On our side of the canal was the Trans-Pennine Trail, The Bridgewater Trail, a big recreation ground, perfect for Bracken to chase a ball, with the houses starting well away from us across the aqueduct. The railway running parallel to the opposite bank was not that busy or noisy and we are well used to the affinity between rail and canal and while we could see the bridge carrying the M62 ahead of us we were far enough short of it to see or hear none of its traffic. We decided at once that this was a nice enough spot to stay for a couple of nights. The only issue turned out to be that the very straight and extremely well surfaced towpath running directly from Sale, through Stretford, straight up to the centre of Manchester or round to the Trafford Centre was a magnet for commuting cyclists. Any time between seven and ten in the morning or between four and seven in the evening it was mayhem out there and you really needed to be on your guard when you stepped outside.
The weather was not yet summer but a definite improvement on recent weeks. It was grey a lot of the time, windy some of the time and we had a couple of daytime rain showers but none too heavy or lasting too long. We had a nice walk along the Trans-Pennine on Wednesday afternoon and a good poke around the Water Park on Thursday.
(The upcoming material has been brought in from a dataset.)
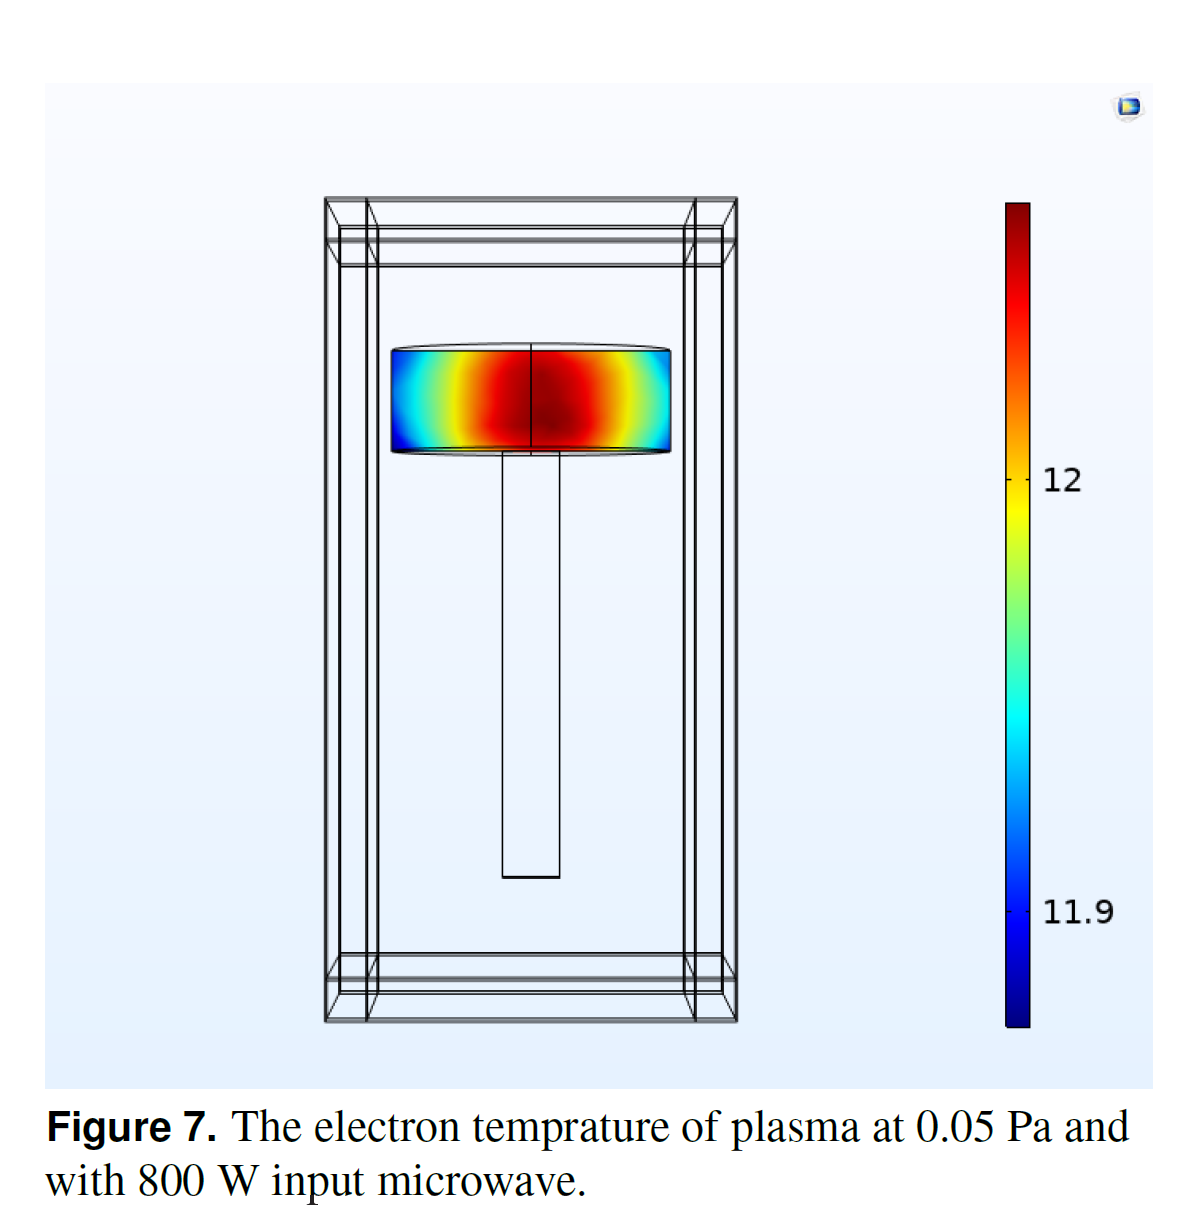 Figure 7. The electron temprature of plasma at 0.05 Pa and with 800 W input microwave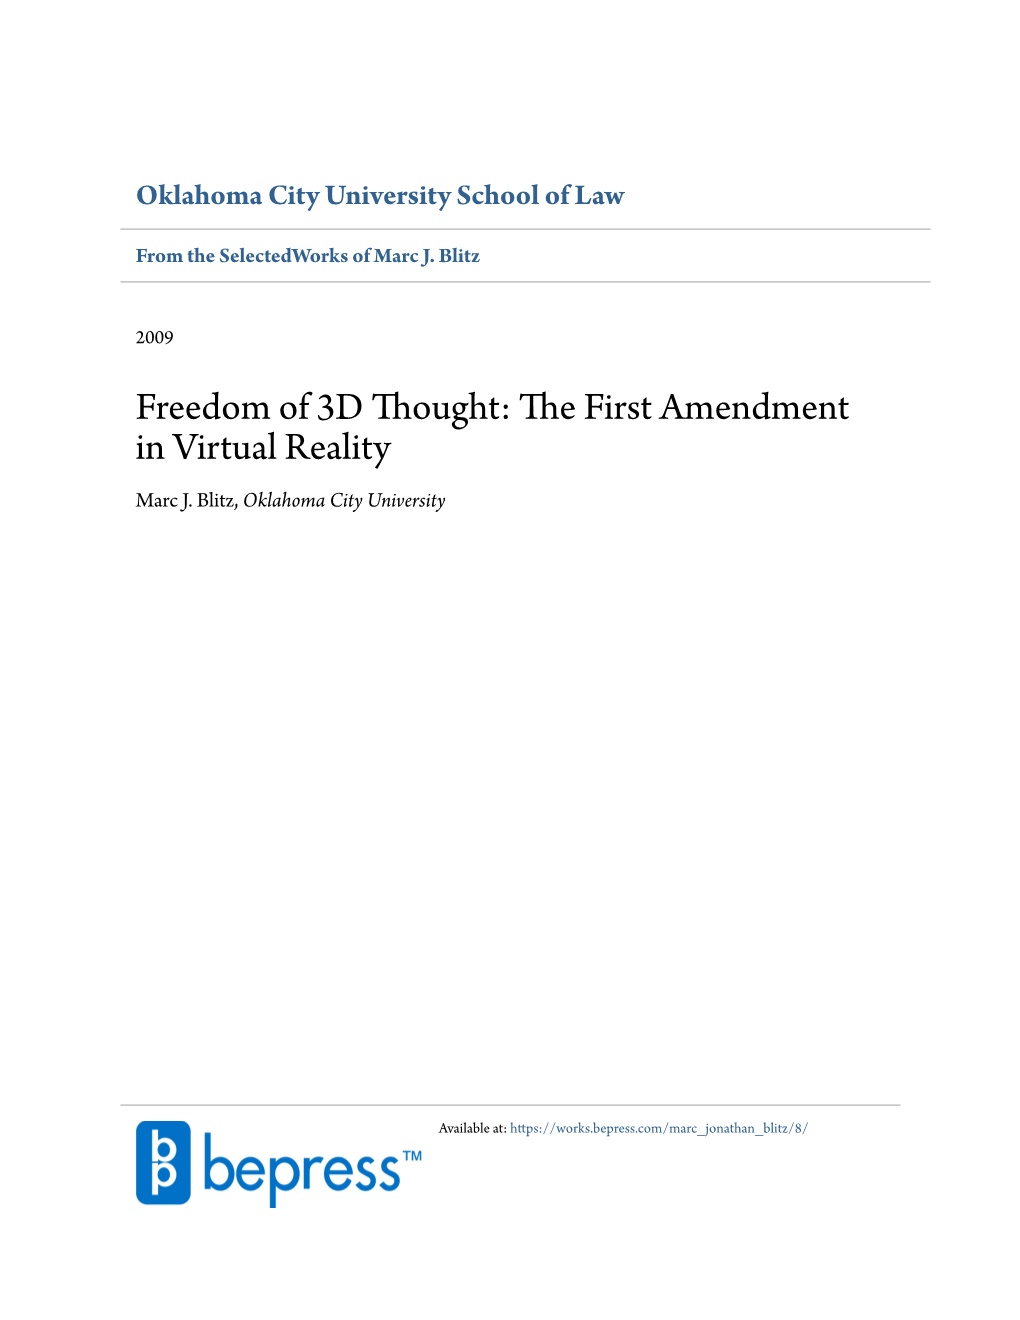 Freedom of 3D Thought: the First Amendment in Virtual Reality

On the domestic side we took advantage of a laundrette nearby to get a service wash for some of the heavier items, to spare our power and water but also to ensure they would be dried, without having to be draped around the interior of the boat for a few days. We were even able to use their photo booth to get a new digital photo for Sue’s passport renewal, the one we had taken at home having been rather sternly rejected by the Passport Office.
Preparing to move on a little on Friday we had to agree that, although the town itself might be nothing special, Stretford had proved to be a lot nicer than we were expecting.